When the lockdown first caught hold, I pinky-promised myself not to devote column space to movies focused on quarantines, vaccines, epidemics, or violently insane world leaders who suggest injecting household chemicals as a cure for what ails us. Why would anyone turn to such dire topics as a source of entertainment, particularly when one had the daily coronavirus task force briefings to shock and amuse?
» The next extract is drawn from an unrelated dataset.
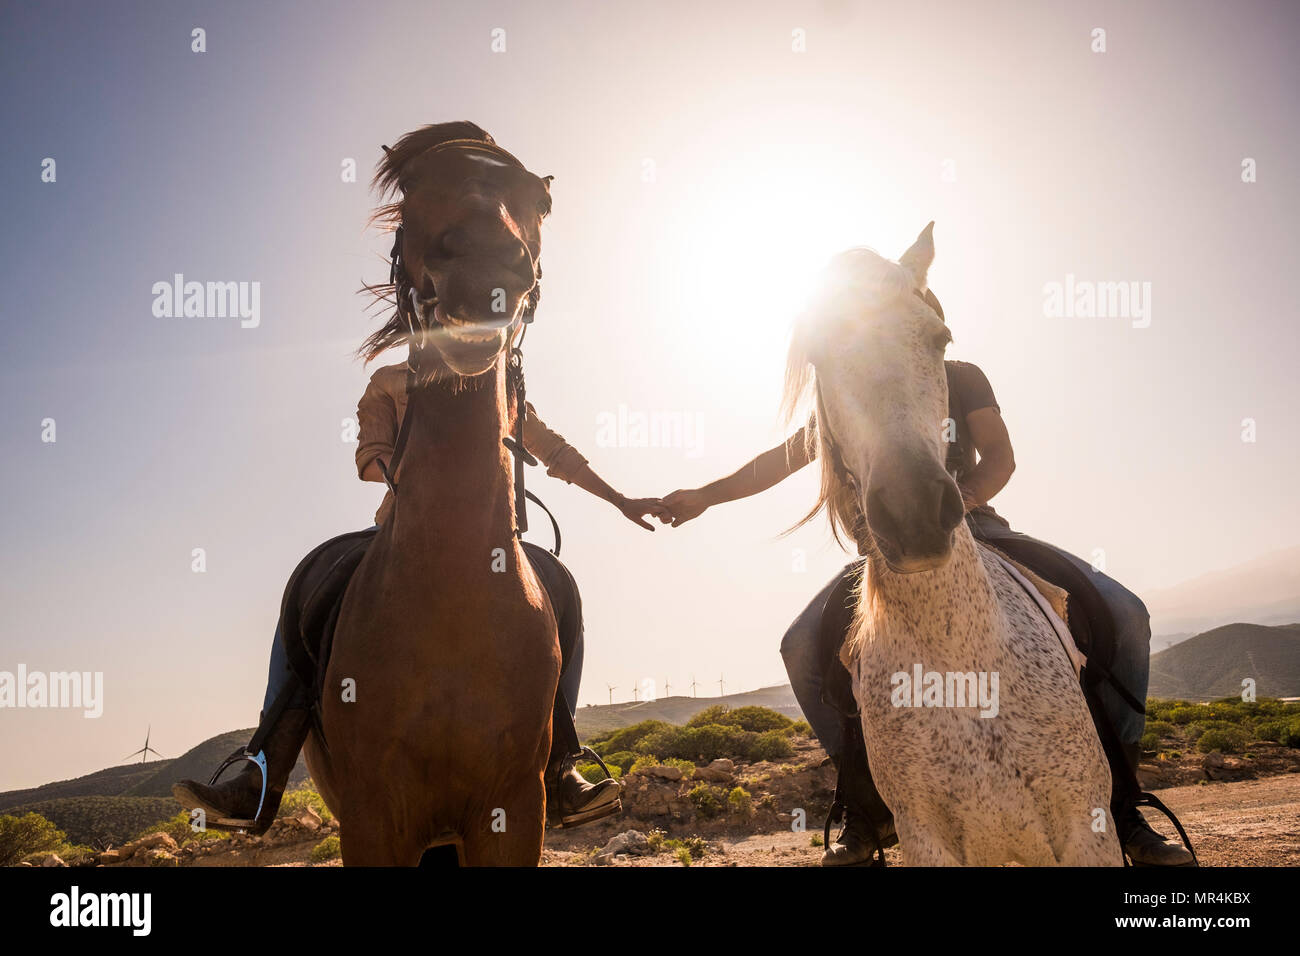 Les mains de toucher avec amour mais face à la bombe des photos pour une image drôle final avec l'éclairage de l'amour et de sourire. concept dans la nature loisirs Photo Stock

This week’s trio of titles was to have been based on “Bad Girls of Film Noir”, the two-volume, four-disc, eight-title (none of which I had seen) DVD collection found at La Mesa’s Re-animated Records. Having long ago been vaccinated with a chronograph needle, I slid Disc 1, Vol. 1 into the tray and hit “play”. What are the chances that the first film out of the gate would be The Killer That Stalked New York, a “fresh as today’s headlines” expose of how a diamond-running doll smuggles both stones and smallpox across the Cuban border? Next up, Skidoo! — Groucho Marx’s cinematic swansong casts him as a mysophobic mafioso who has spent the past 20 years of his life sailing the seven seas under self-quarantine — and Sam Rockwell’s stellar lunar breakdown in Moon.

The Killer That Stalked New York (1950)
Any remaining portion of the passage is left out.